Boolean matrix multiplication algorithm

user4452139 picture user4452139 · Apr 12, 2015 · Viewed 8k times · Source

This is my first question on stackoverflow. I've been solving some exercises from "Algorithm design" by Goodrich, Tamassia. However, I'm quite clueless about this problem. Unusre where to start from and how to proceed. Any advice would be great. Here's the problem:

Boolean matrices are matrices such that each entry is 0 or 1, and matrix multiplication is performed by using AND for * and OR for +. Suppose we are given two NxN random Boolean matrices A and B, so that the probability that any entry in either is 1, is 1/k. Show that if k is a constant, then there is an algorithm for multiplying A and B whose expected running time is O(n^2).
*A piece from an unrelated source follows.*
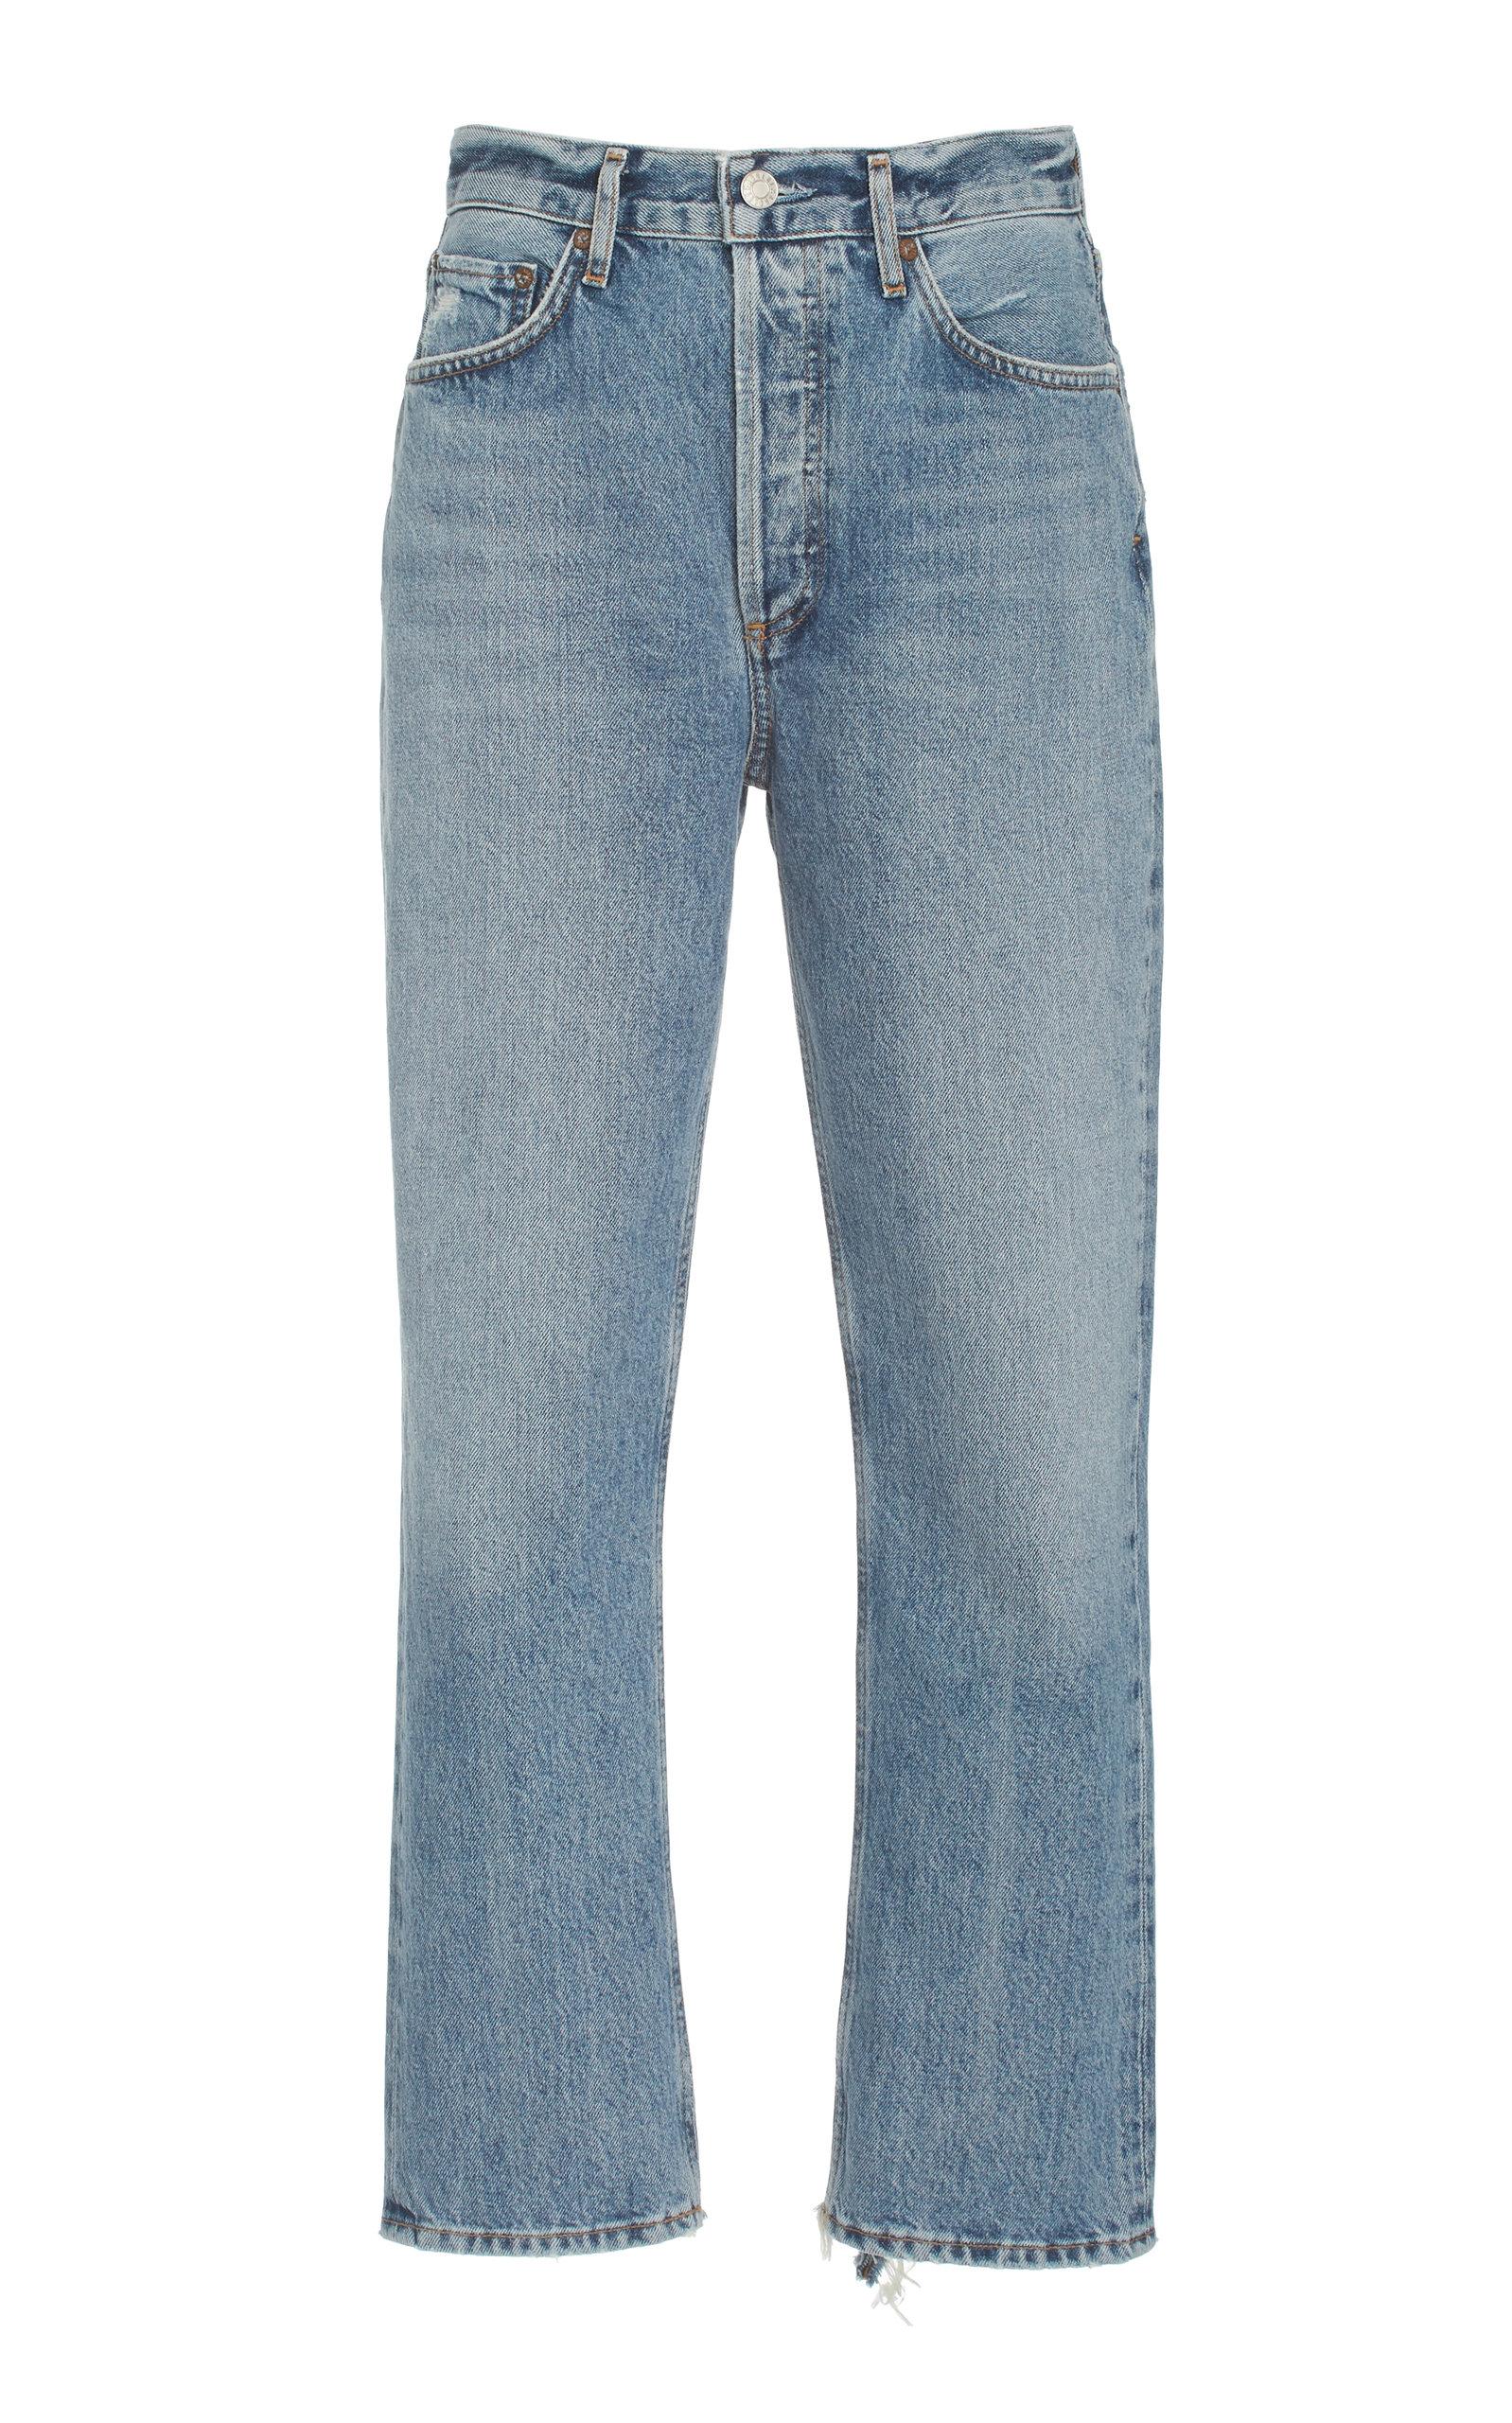 Agolde - Women's Riley Rigid High-Rise Cropped Organic Cotton Straight-Leg Jeans - Medium Wash - Moda Operandi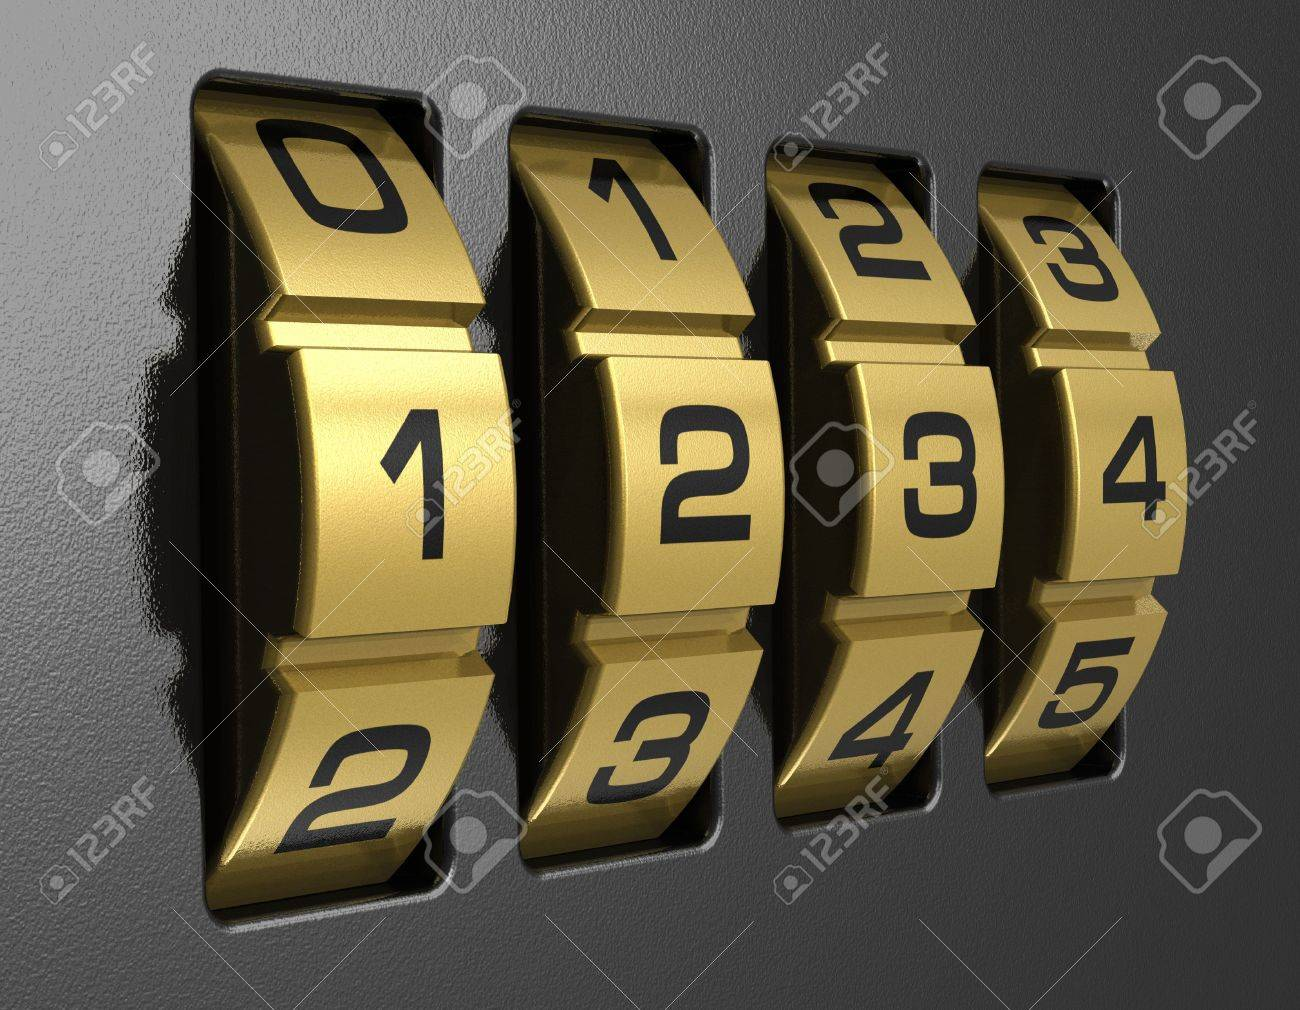 Close view of metal 4-digit combination lock Stock Photo - 9597023

What if k is n?

Answer

samgak picture samgak · Apr 13, 2015

Matrix multiplication using the standard iterative approach is O(n3), because you have to iterate over n rows and n columns, and for each element do a vector multiply of one of the rows and one of the columns, which takes n multiplies and n-1 additions.

Psuedo code to multiply matrix a by matrix b and store in matrix c:

for(i = 0; i < n; i++)
{
    for(j = 0; j < n; j++)
    {
        int sum = 0;
        for(m = 0; m < n; m++)
        {
            sum += a[i][m] * b[m][j];
        }
        c[i][j] = sum;
    }
}

For a boolean matrix, as specified in the problem, AND is used in place of multiplication and OR in place of addition, so it becomes this:

for(i = 0; i < n; i++)
{
    for(j = 0; j < n; j++)
    {
        boolean value = false;
        for(m = 0; m < n; m++)
        {
            value ||= a[i][m] && b[m][j];
            if(value)
                break; // early out
        }
        c[i][j] = value;
    }
}

The thing to notice here is that once our boolean "sum" is true, we can stop calculating and early out of the innermost loop, because ORing any subsequent values with true is going to produce true, so we can immediately know that the final result will be true.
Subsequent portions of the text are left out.